So ungerecht ist die Welt: Während an so manchem Ort akuter Wassermangel herrscht, nimmt anderorts das Wasser die Menschen gehörig in die Mangel. Eine Mangel aus Wasser etwa von der Größe europäischer Länder walzt derzeit halb Australien nieder. Und hat sogar die Großstadt Brisbane erreicht. Wo man sich doch wohl sicher vor der Natur glaubte. An das Ozonloch hatte man sich gewöhnt und auch, daß man sich nicht allzu weit vom nächsten Wasserloch entfernen sollte.

Und nun ist genau das Gegenteil maßgeblich: Statt Sonne und Ozon satt hat man das Wasser mehr als satt.

 

Ist das alles Teil des Klimawandels oder nur Ergebnis verbesserter Nachrichtentechnik?

 

Schon laufen auch die Warnungen vor Wasserknappheit angesichts des Abschmelzens der Gletscher durch die Gazetten, allerdings kann "unten drunter" von Knappheit keine Rede sein - und die kann auch nicht von den dort weniger häufig anzutreffenden Gletschern herrühren.

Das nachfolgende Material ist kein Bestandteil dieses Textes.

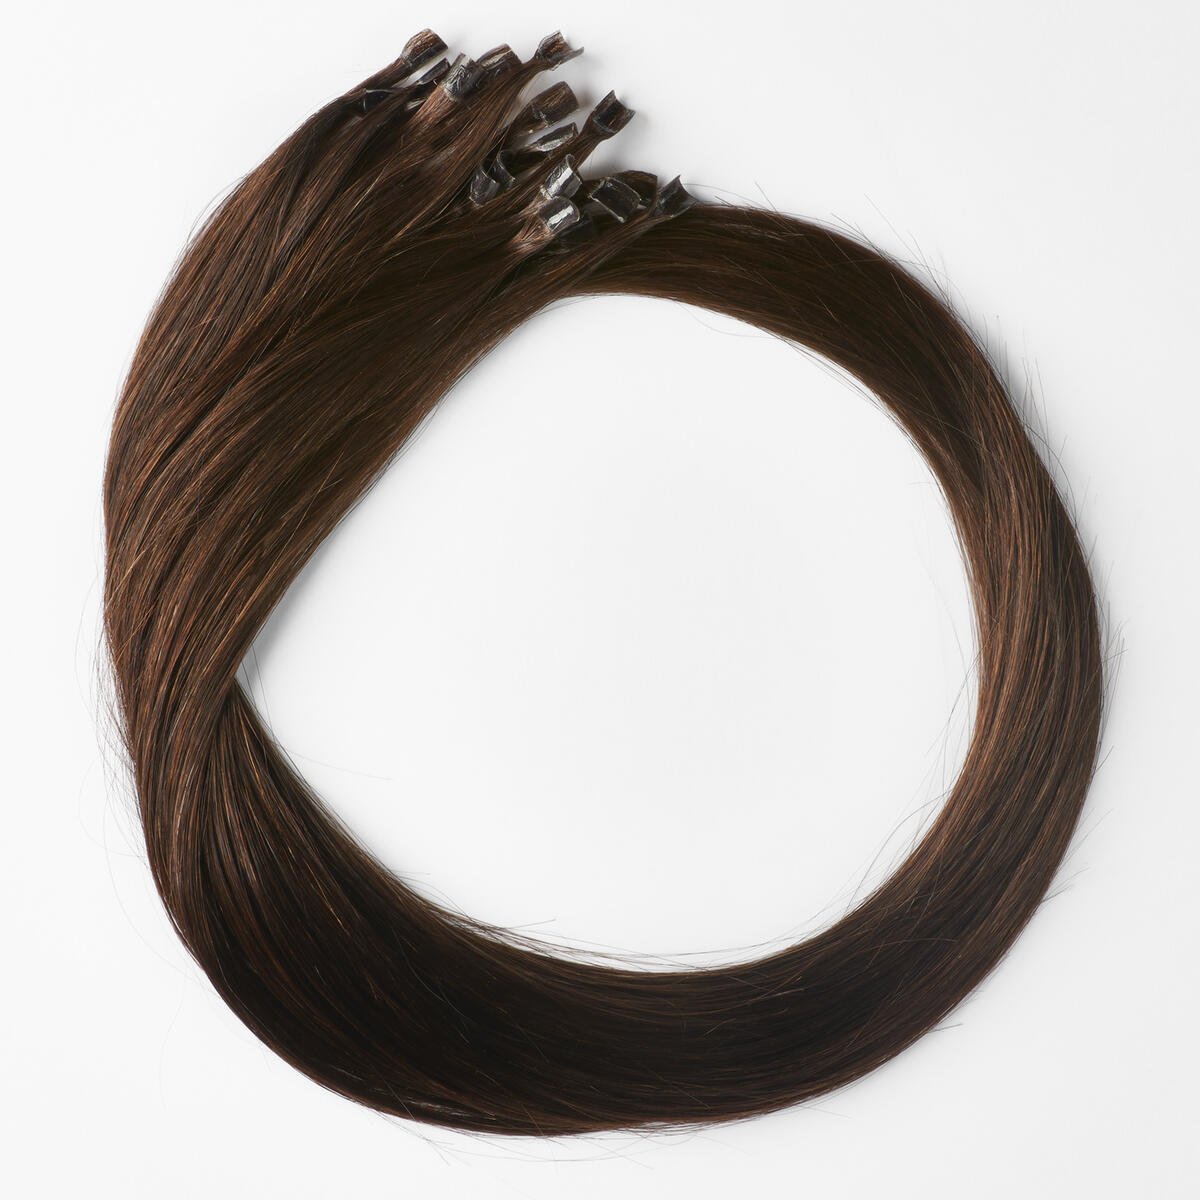 Nail Hair Premium 2.3 Chocolate Brown 50 cm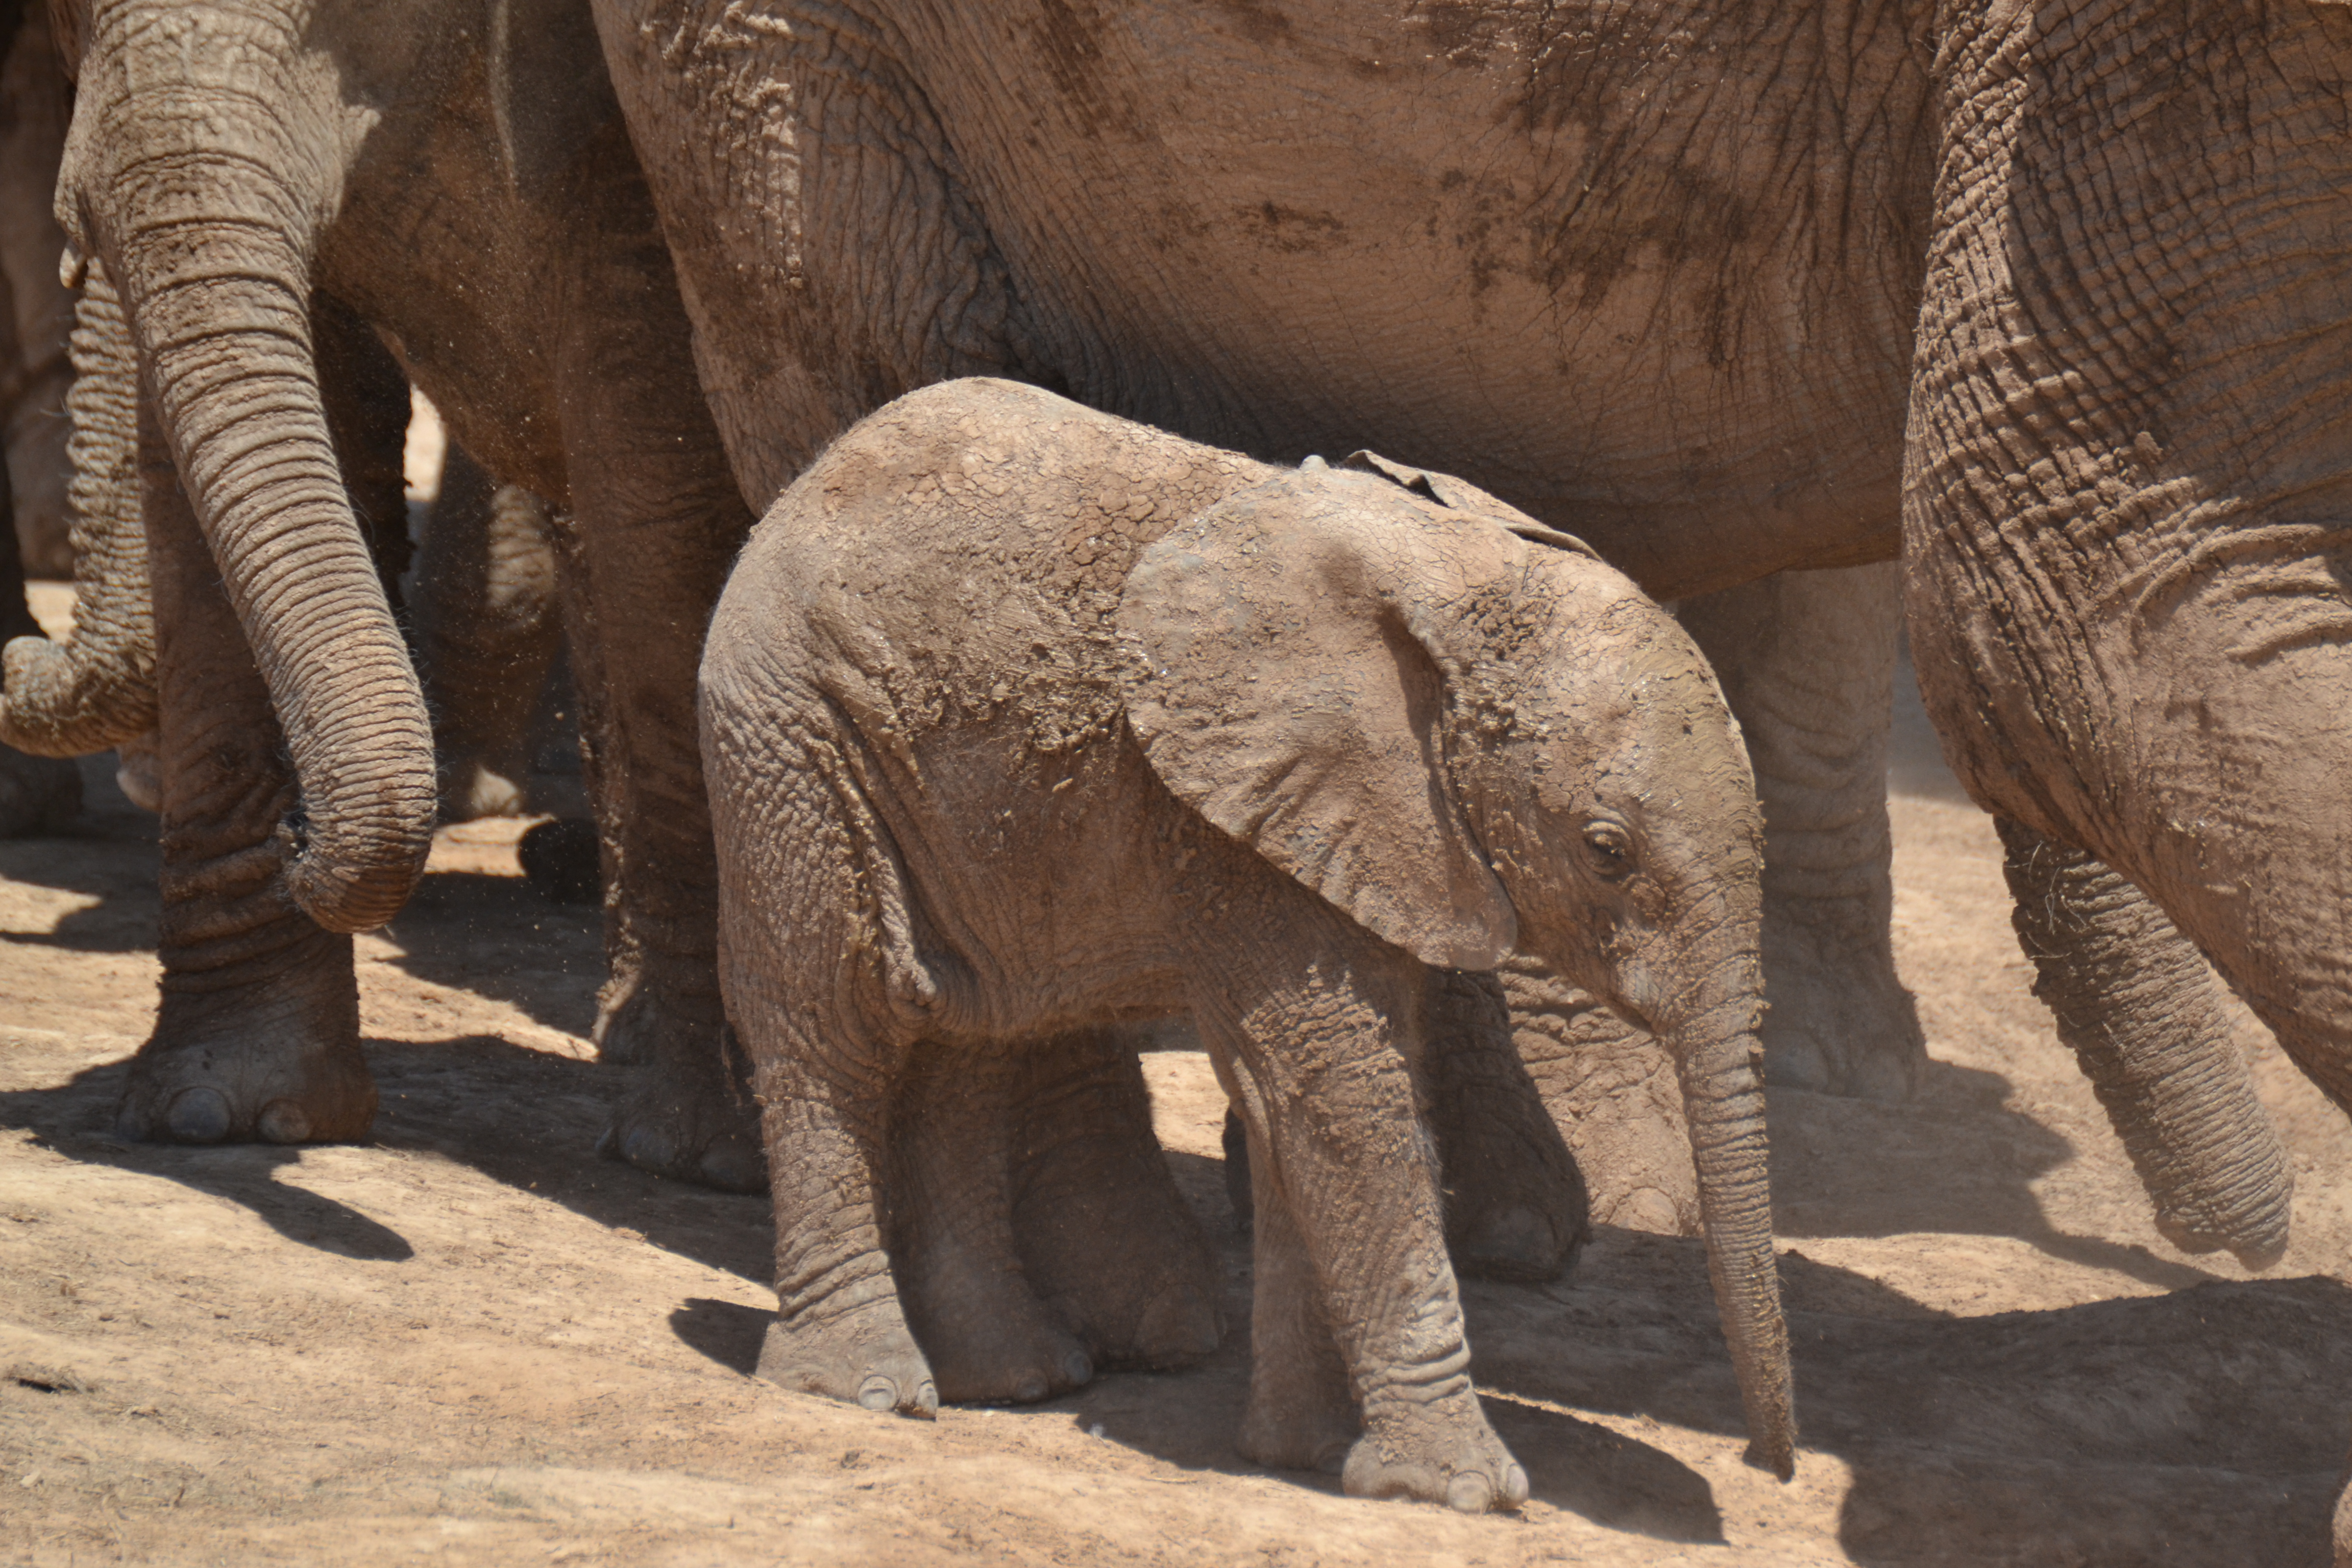 Elefanten im Addo National Park

Wasser - Quell des Lebens.

 

Und todbringend, von Milliardenschäden gar nicht erst zu schreiben. Der Mensch ertrinkt in Umwelt, die er allerdings auch nicht allzu gut behandelt hat. Was er aber nicht wahrhaben will. Schließlich soll man sich doch die Natur untertan machen. Schlägt der Untertan nun zurück? Eine Revolution der Elemente? Feuer aus den Vulkanen Islands, das vorerst nur den Flugverkehr lahmlegt, Wasser auf die Mühlen der Verschwörungstheoretiker, Luft voller Schadstoffe und verbrannte Erde in Afrika. Vielleicht nur ein Transportproblem: Feuer einfach in die kalten Regionen exportieren, Wasser in die wasserarmen, Luft dorthin pumpen (das müssen Radfahrer schon lange: Sich Luft pumpen), wo sie dünn ist und trockene Erde dorthin, wo einem das Wasser bis zum Hals steht.

Was diese Transporte wiederum der Natur antun werden?

 

Und wie diese wohl untertänigst zurückschlagen wird?